Editor: Tony Hunter1

eLife posts the editorial decision letter and author response on a selection of the published articles (subject to the approval of the authors). An edited version of the letter sent to the authors after peer review is shown, indicating the substantive concerns or comments; minor concerns are not usually shown. Reviewers have the opportunity to discuss the decision before the letter is sent (see review process). Similarly, the author response typically shows only responses to the major concerns raised by the reviewers.

Thank you for sending your work entitled “B cell activations involve nanoscale receptor reorganizations and inside-out signaling by Syk” for consideration at eLife. Your article has been favorably evaluated by Tony Hunter and 3 expert reviewers.

The Senior editor and the reviewers discussed their comments before a consensus decision was reached, and the Senior editor has assembled the following comments to help you prepare a revised submission.
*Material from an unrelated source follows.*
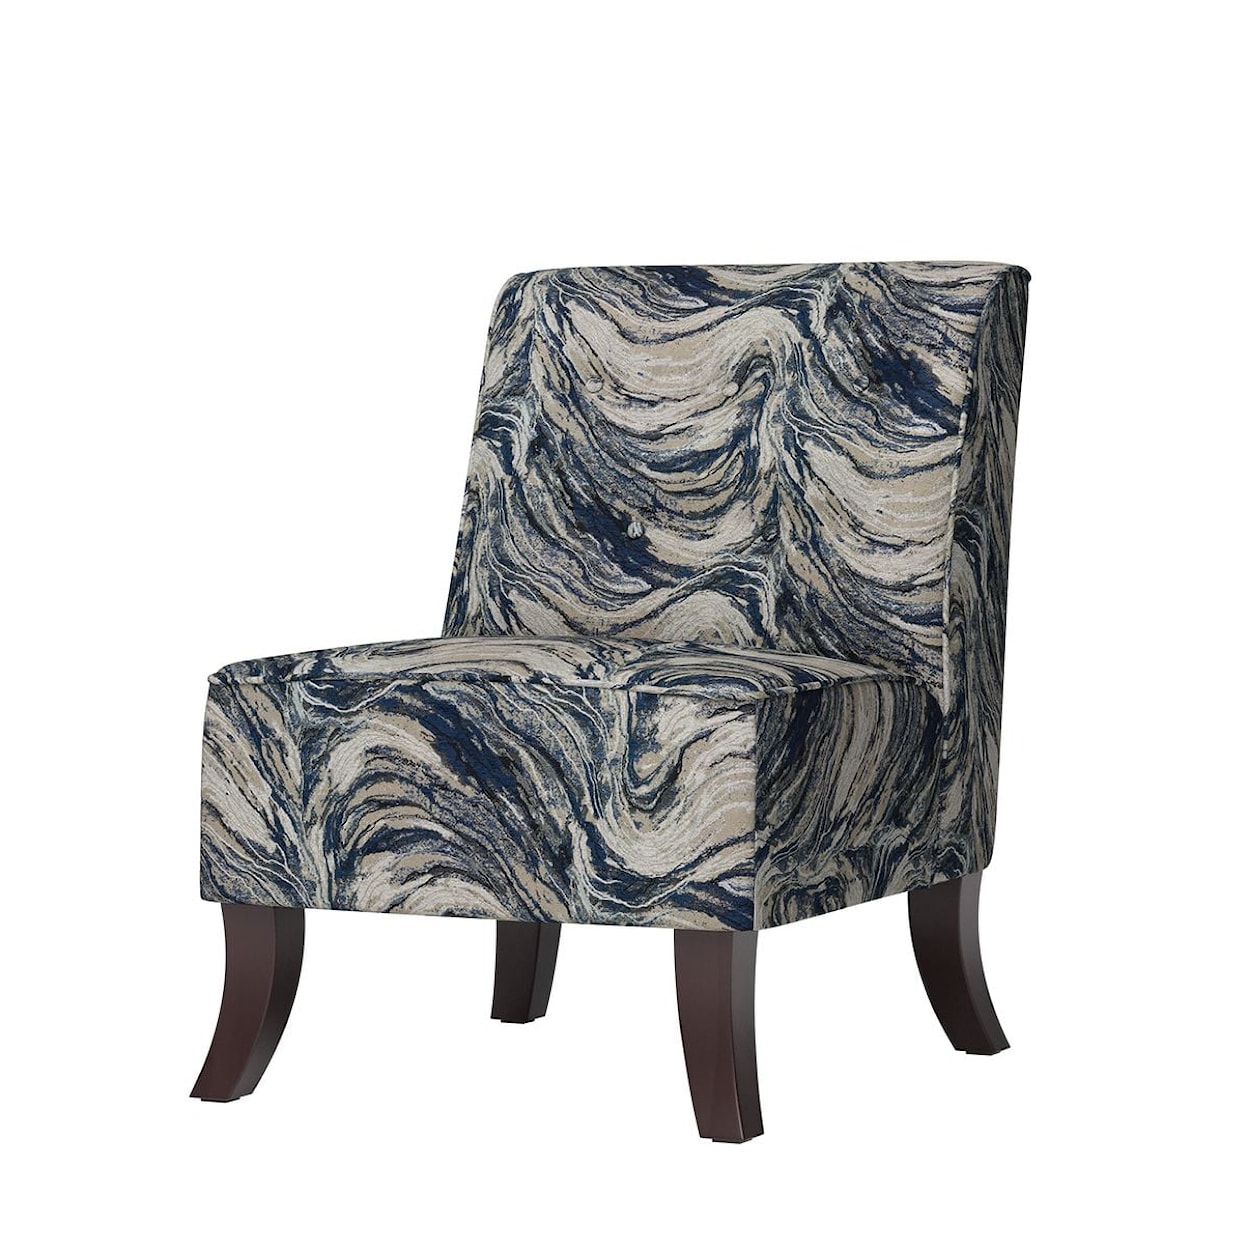 Hughes Furniture 8785 Armless Chair

There is general agreement that your findings are potentially an important advance in understanding the mechanism of BCR signal transduction, but that more needs to be done to bolster the main conclusion that BCR-antigen interaction induces dimer dissociation in a manner dependent on Syk activity. In particular, there are concerns about the interpretation of the PLA data and how well the PLA analysis measures distance between the two BCR subunits, and whether your results mean that the BCR dimers actually dissociate or rather reorient and/or undergo a conformational rearrangement. The main issues that would have to be addressed before the paper could be accepted by eLife are:

1) The authors use three types of PLA reagents coupling oligos to secondary Abs (2-PLA), primary Abs (1-PLA) or to Ab Fabs (Fab-PLA), and the reported resolution power of these methods is based solely on what appears to be a theoretical detection distance range based on the estimated end to end 'size' of an antibody, and from this the authors deduce that the different PLA assays detect BCRs at various distances from each other. Clearly, they need to demonstrate that the PLA assays are indeed sensitive to the distances they theorize, for example, by creating artificial surfaces displaying BCRs at these various distances or making artificial (covalent) dimers. In this regard, do the authors know the stoichiometry of binding of the PLAs to the cells? Does the μ-specific mAb bind to both IgH chains in the BCR? If so does this contribute to signal?

2) The PLA results indicate that the distance between the constant domains of Igμ increases after stimulation but not necessarily that BCR dimers dissociate upon antigen binding. The use of an independent approach to validate the PLA results and determine whether true dissociation actually occurs could strengthen the conclusions. Ideally, the authors should back-up their PLA data with data generated by a completely different technique, such as EM or native gels. If results could be obtained using another method in a reasonable time frame, then these should be added. In addition, the use of BiFC to show that the Syk inhibitor also blocks the “opening” of the oligomer measured by this technique would be reassuring. In summary, unless they can provide incontrovertible evidence that dissociation occurs, the word dissociation should be replaced with “opening” or an equivalent term.

3) The authors refer to the observed change in BCR subunit proximity as dissociation of the dimer; however, their data indicate that the distance between the cytoplasmic domains increases from the 10-20 nm distance detected by their Fab probe (Fab-PLA) to between 20-40 nm detected with their primary Ab probe (1-PLA). This points more to an opening of the receptor dimer, as the domains are now less 40 nm apart, rather than a complete dissociation. How would the authors interpret a conformational change rather than dissociation in terms of the mechanism of BCR activation?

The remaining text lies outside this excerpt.